Two things that this resource control would include is to use availability to push back on patients. If patients choose to engage in risky behaviors then resources would be less available. There is a lot of depth here.

We also want to provide a certain level of safety. We think that providers should not be able to provide services that do not meet basic levels of safety. There are a lot of models for how to do this. It could be voluntary, government mandated and others.

We compared it with auto safety. There are a lot of options when you buy a car but you cannot buy a car without seat belts or tires that meet safety requirements. The system should make informational resources available for discretionary choices. We think we need infrastructure standards that are common to the system.

Q: We've seen that a lot of the information on the web is incorrect. How do we deal with that? A: We didn't deal with this directly, but like our car metaphor, there are a lot of sources of information out there.
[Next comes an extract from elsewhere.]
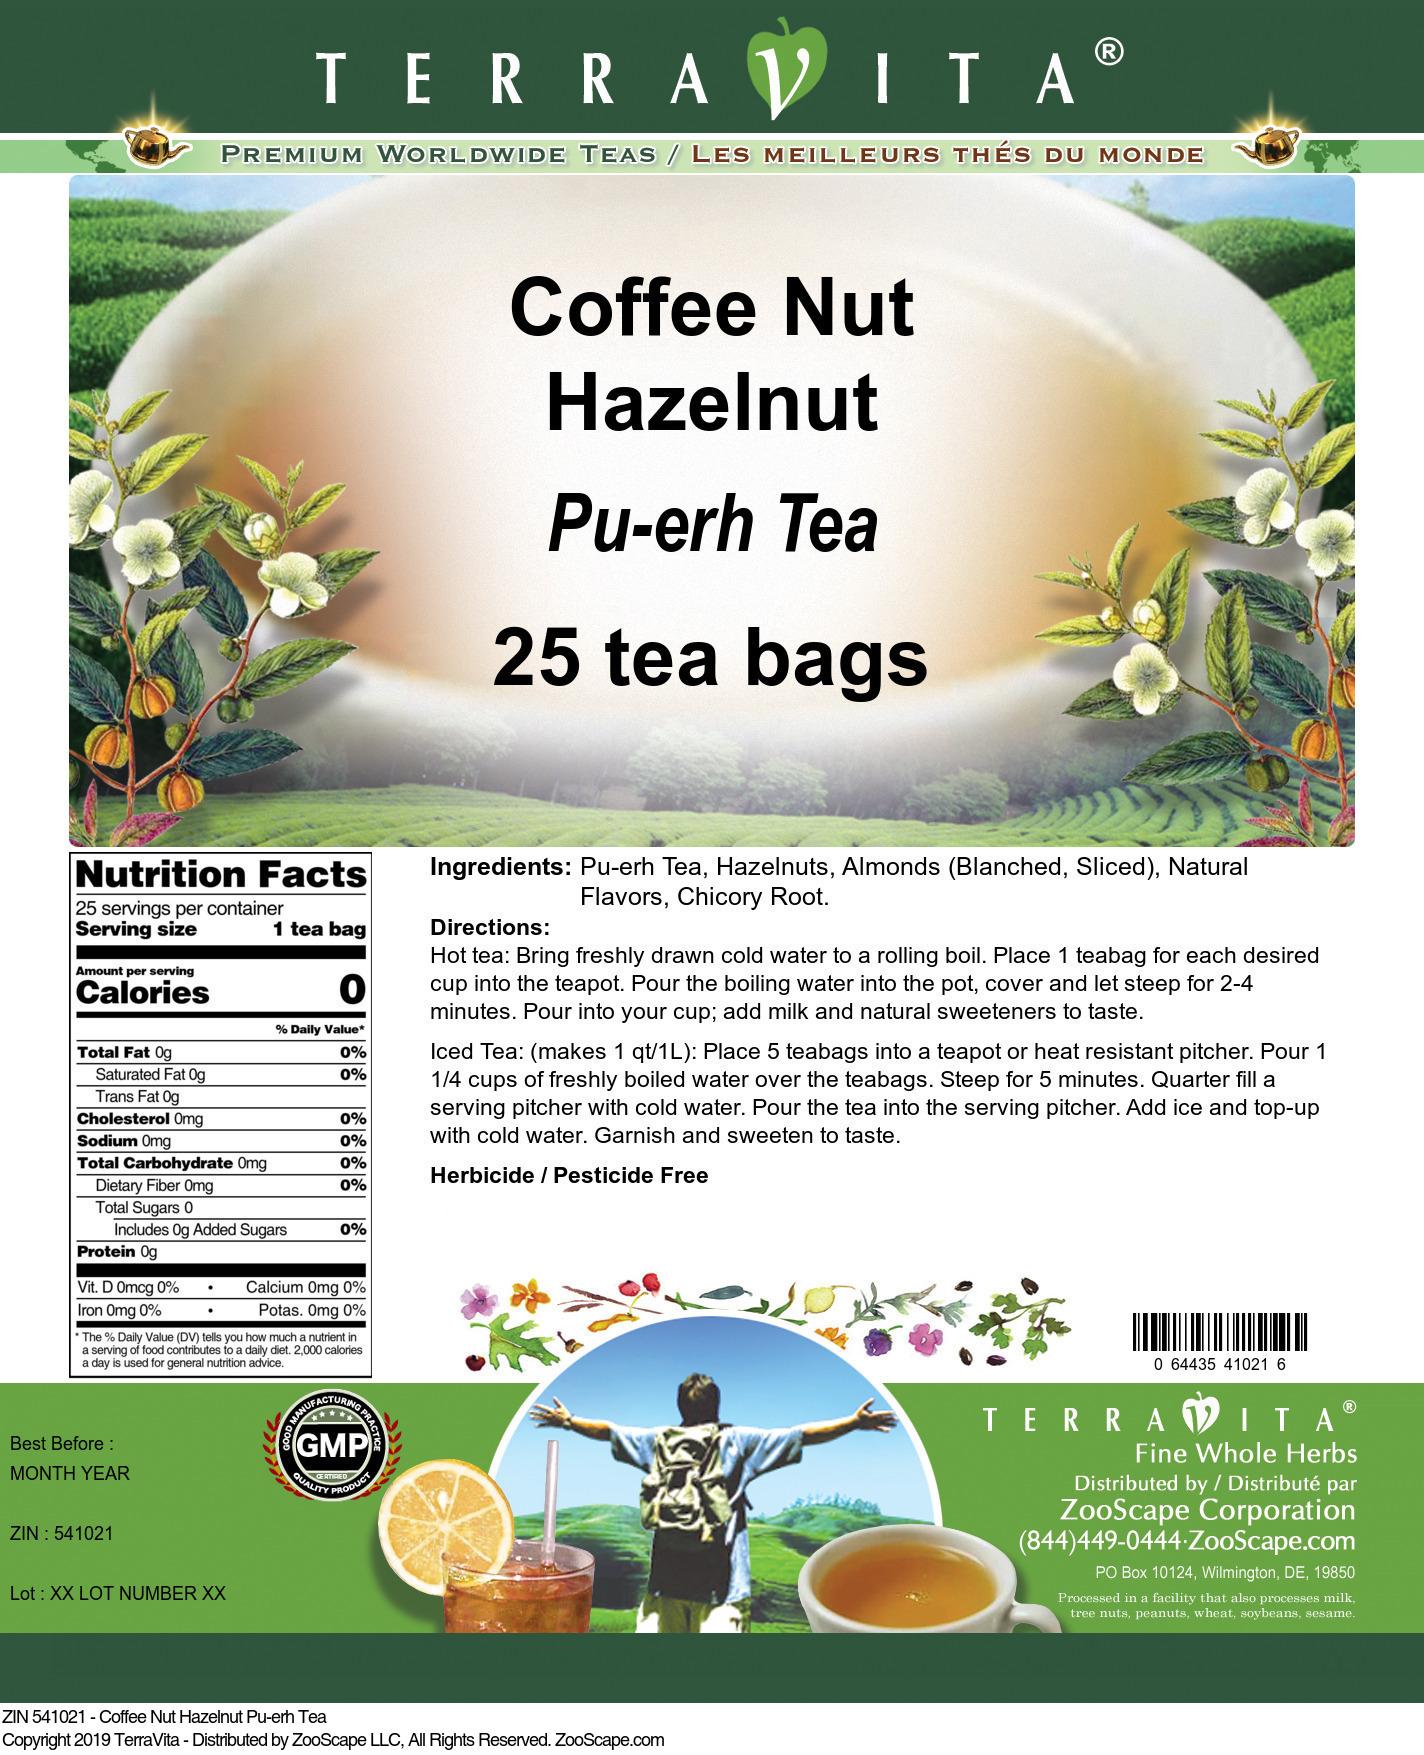 Coffee Nut Hazelnut Pu-erh Tea

You probably can't control all the information but you can be sure that there is plenty of rich unbiased information available.

We assume there will be some process and we don't know what that is. We need to define a set of collective resources whose allocation is managed in a logical trustworthy manner. One of the patient-centered system is that you can't have it unless the patients have access to resources.

Q: Did you consider the UK's system?A: We didn't. But there are probably other national systems that would be helpful to study.

It was nice not to have to deal with reality. Maybe the next group gets to do that.